I need some data mined off a large website.
The project must be done through proxies and over a given time.
The goal is to collect several million records to fill a leads form. This can exported into a csv file.
It will work as follows.
Step 1.) Search for leads with a minimum number of reviews, and minimum overall score.
Step 2.) If lead qualifies, collect website, phone number, city, state, description, about us.
Step 3.) Use website, if applicable, to scrape the website and find an email address.
Step 4.) Write new entry if there are no duplicate records found..
All data from step 2 is available on the same page.
When searching the website, Step 3, the scraper will look in order for, Footer, Contact Us, About Us when choosing the emails.
Of course there are going to be variations on the name, example "contact" us vs "contact", just make it work 100% of the time.
For the email address, it will take up to 5 email addresses, and be saved as email-1, email-2, etc... this is to help with the lead process in getting email address correct.
For accessing this data, it will require the use of multiple cities, and trades to search relevant people.
Before adding a new piece of data, the record has to be checked for duplicate entries, as to not write multiple records.

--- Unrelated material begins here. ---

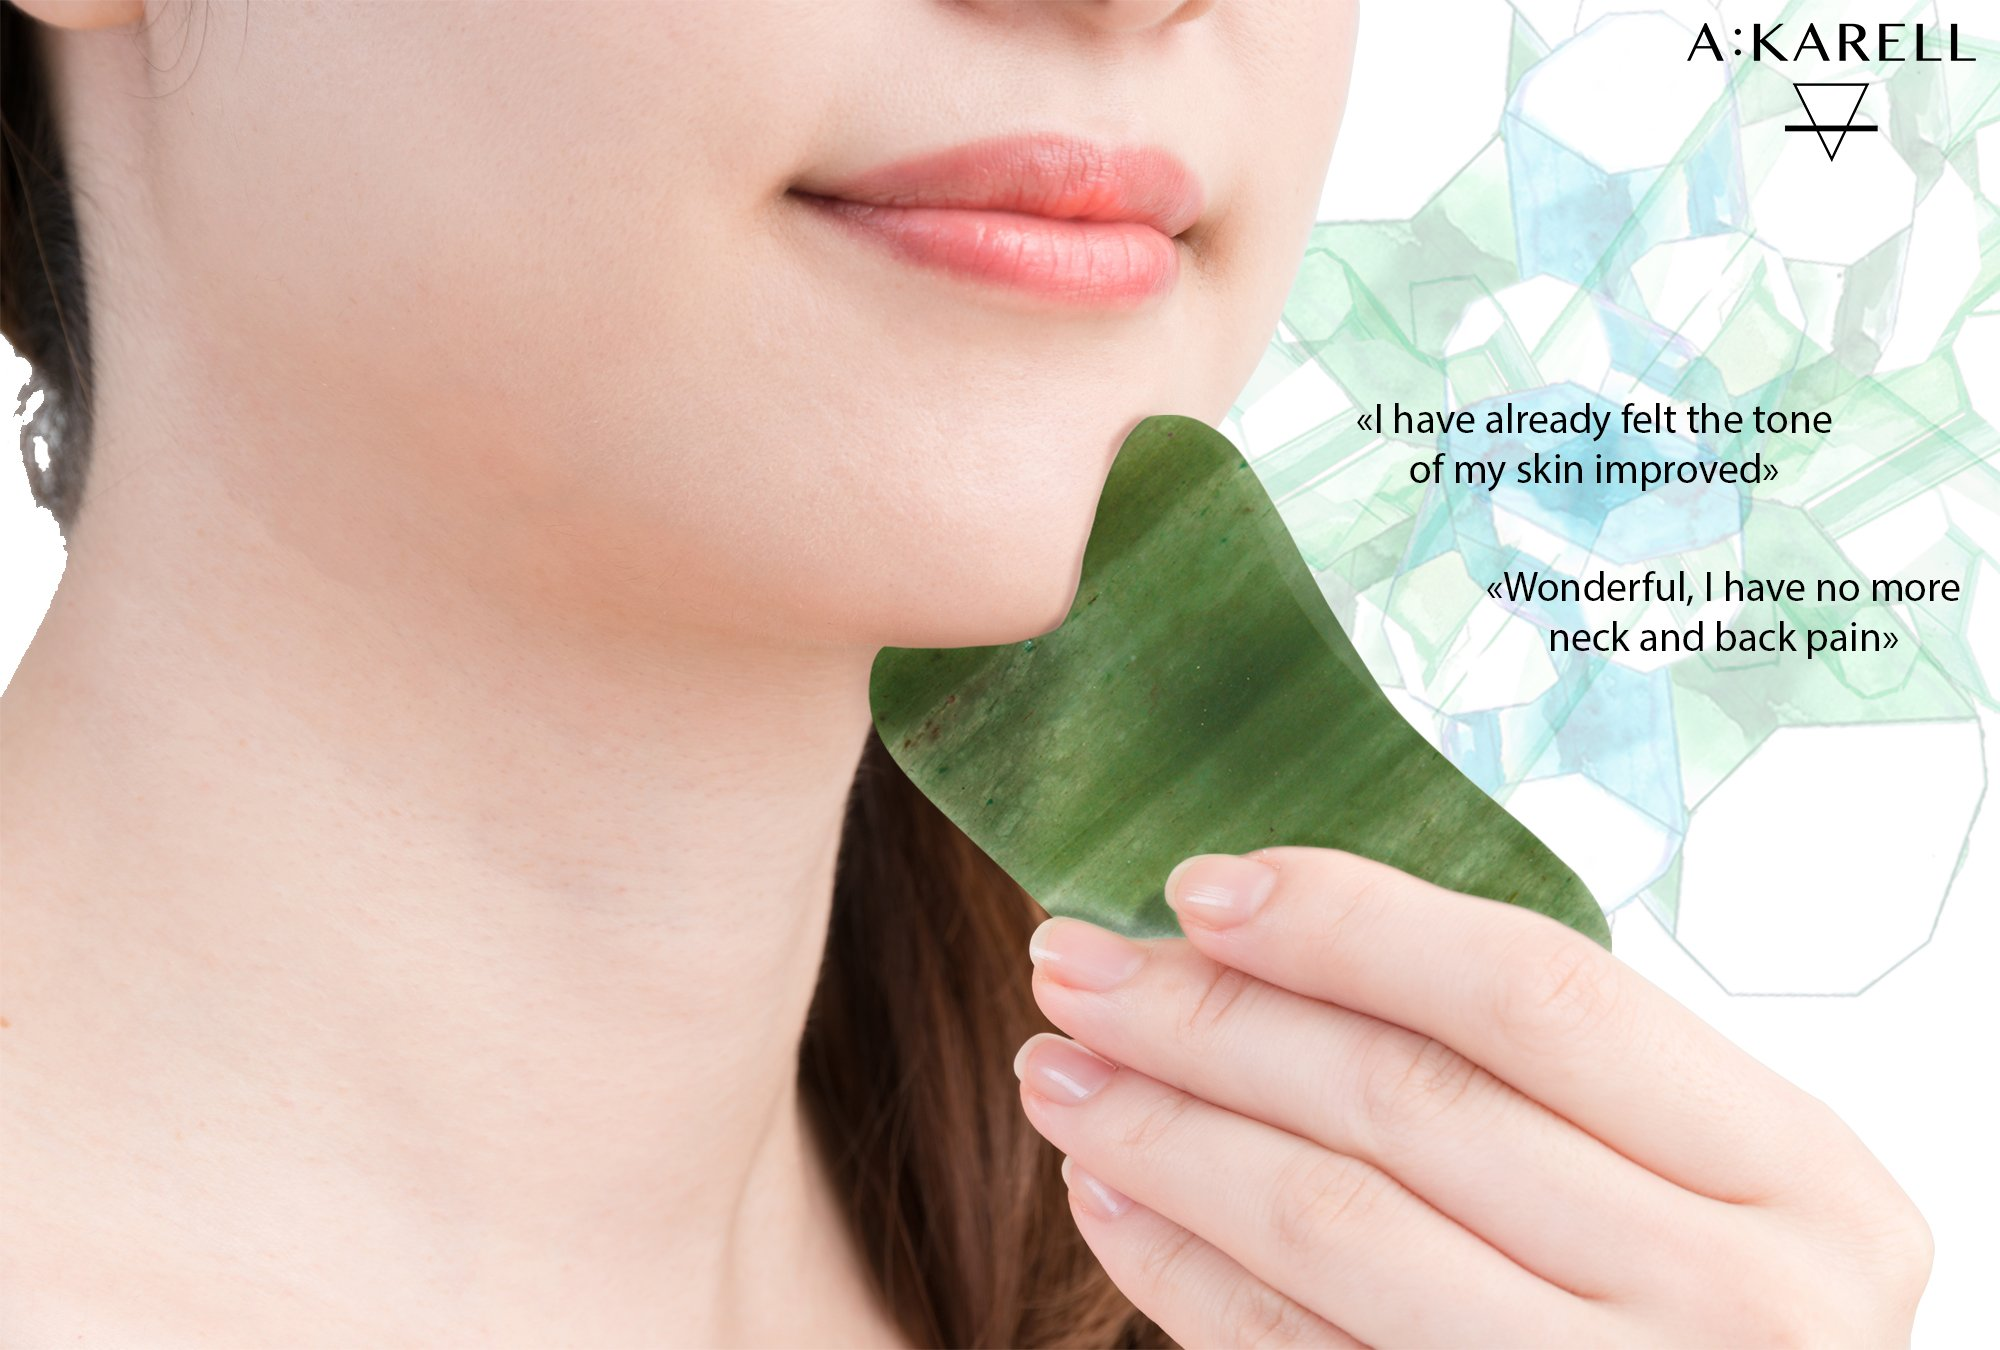 A:KARELL Jade Roller For Face & Gua Sha SET 100% Real Chi Himalayan Jade Anti Aging Skincare Therapy Tool Jade Facial Roller Depuffing Anti-Wrinkle Facial Roller De Puffer Massager by A : KARELL

I'm looking to obtain 10 - 20 million records.
There must be a csv file for data dump,
as well as a individual files for each state, in case of size issues.
Please let me know what you have to offer and we can start immediately.
27 freelancere byder i gennemsnit $700 på dette job
I will write a custom script to do the scraping, are you looking for me to run the script of will you be able to run it yourself? can you let me know the website address?
HI SIR I AM SCRAPE FOR YOU FULL INFORMATION AS YOU NEEDED FROM COMPLEX WEBSITE CHARGE YOU 100$ FOR 1 MILLION CONTACTS WE DISCUSS MORE WITH SAMPLE THANKS
hello sir i have seen your project. i am a data entry and data mining expert from Bangladesh. we are a individual team working on [login to view URL] your project we can help you best about that.